Acuity (NYSE:AYI) reported a strong start to fiscal 2026, with first-quarter net sales climbing 20.2% to $1.1 billion.
The Atlanta-based industrial technology company, formerly known as Acuity Brands, saw its adjusted diluted earnings per share jump 18.1% to $4.69, comfortably outpacing analyst estimates of $4.45.
The quarterly performance was characterized by disciplined execution in a "flat to down" lighting market.
While traditional commercial construction remained soft, Acuity leveraged its high-growth Intelligent Spaces Group (ISG) and the integration of the QSC acquisition to drive the top-line beat.
Adjusted operating profit rose nearly 24% to $196.3 million, with adjusted margins expanding by 50 basis points to 17.2%.

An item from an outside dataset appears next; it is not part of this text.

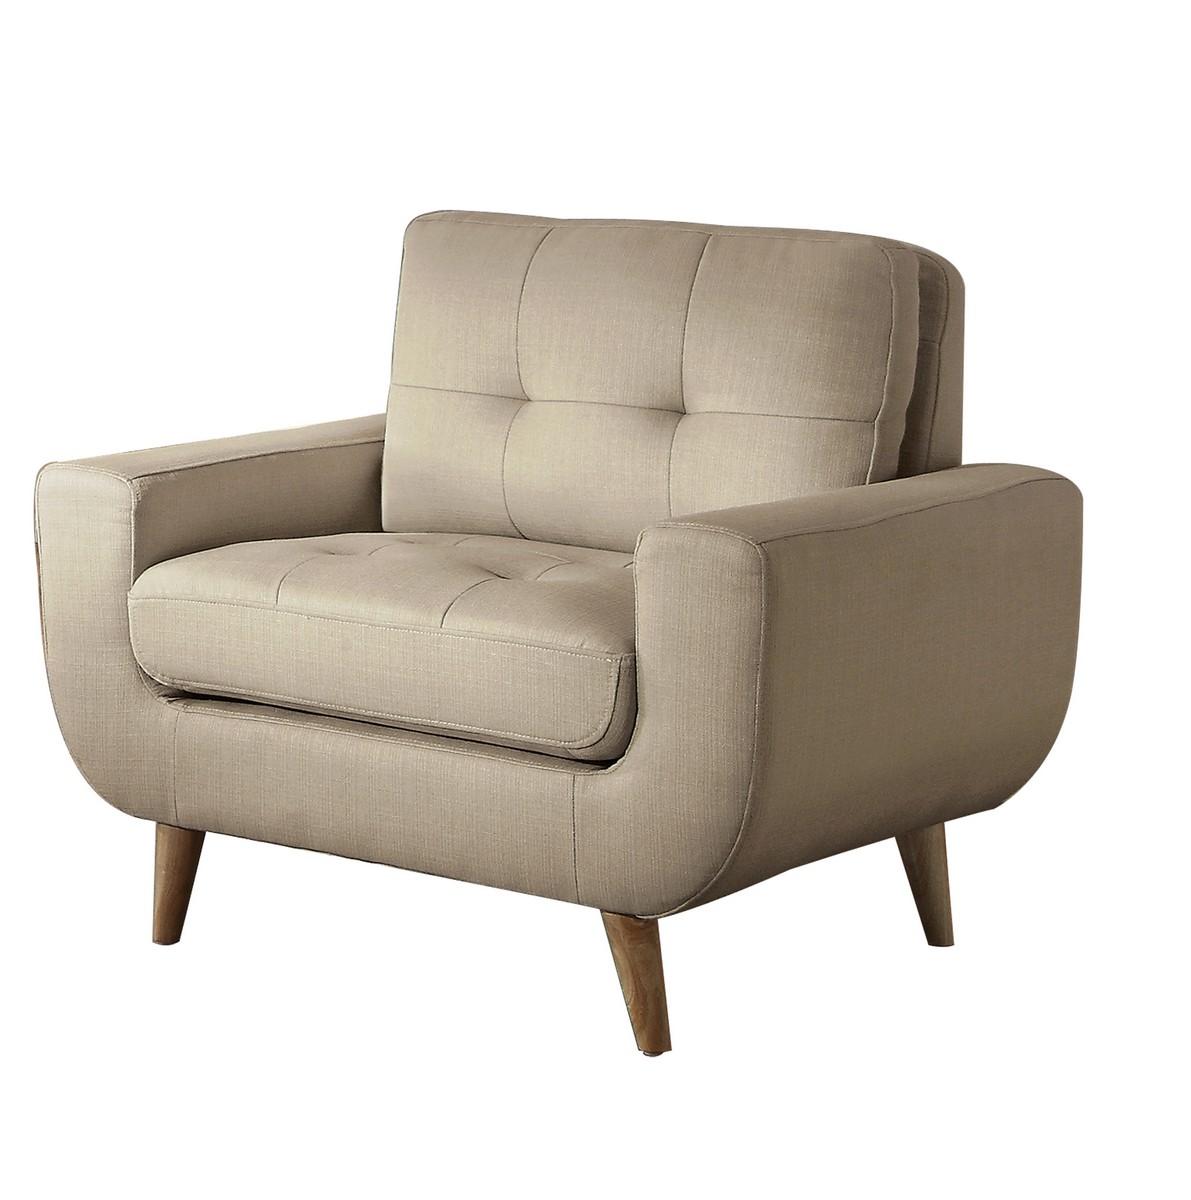 Homelegance Deryn Chair - Polyester - Beige

CEO Neil Ashe credited the company's "Better. Smarter. Faster." operating system for maintaining profitability even as the firm navigated higher tariff costs through strategic pricing.

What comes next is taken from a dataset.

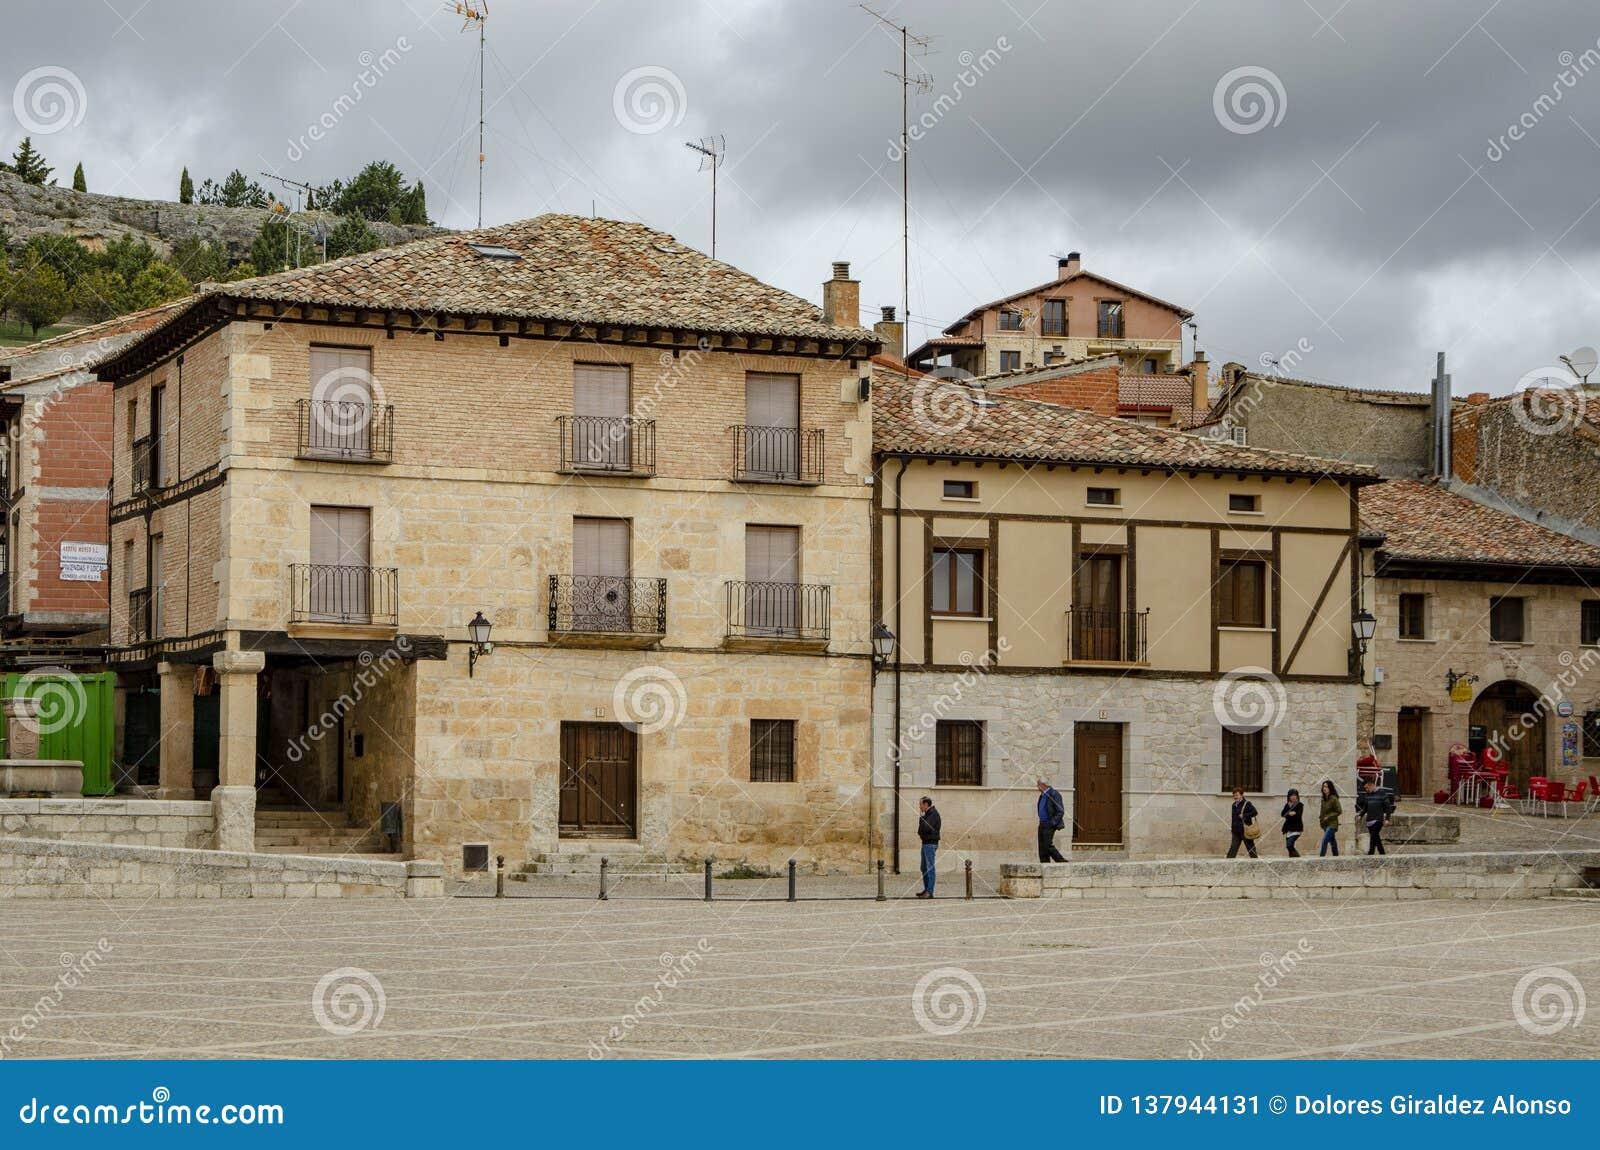 Τετράγωνο Penaranda de Duero στην επαρχία του Burgos, Ισπανία

During the quarter, Acuity generated $140.8 million in operating cash flow, which it deployed toward a $100 million debt repayment and the repurchase of 77,000 shares.
The company enters the remainder of the year with a reinforced balance sheet and a focus on expanding into specialized verticals like healthcare.
Management had previously set a full-year 2026 sales target of $4.7 billion to $4.9 billion, a trajectory that remains supported by the Q1 results.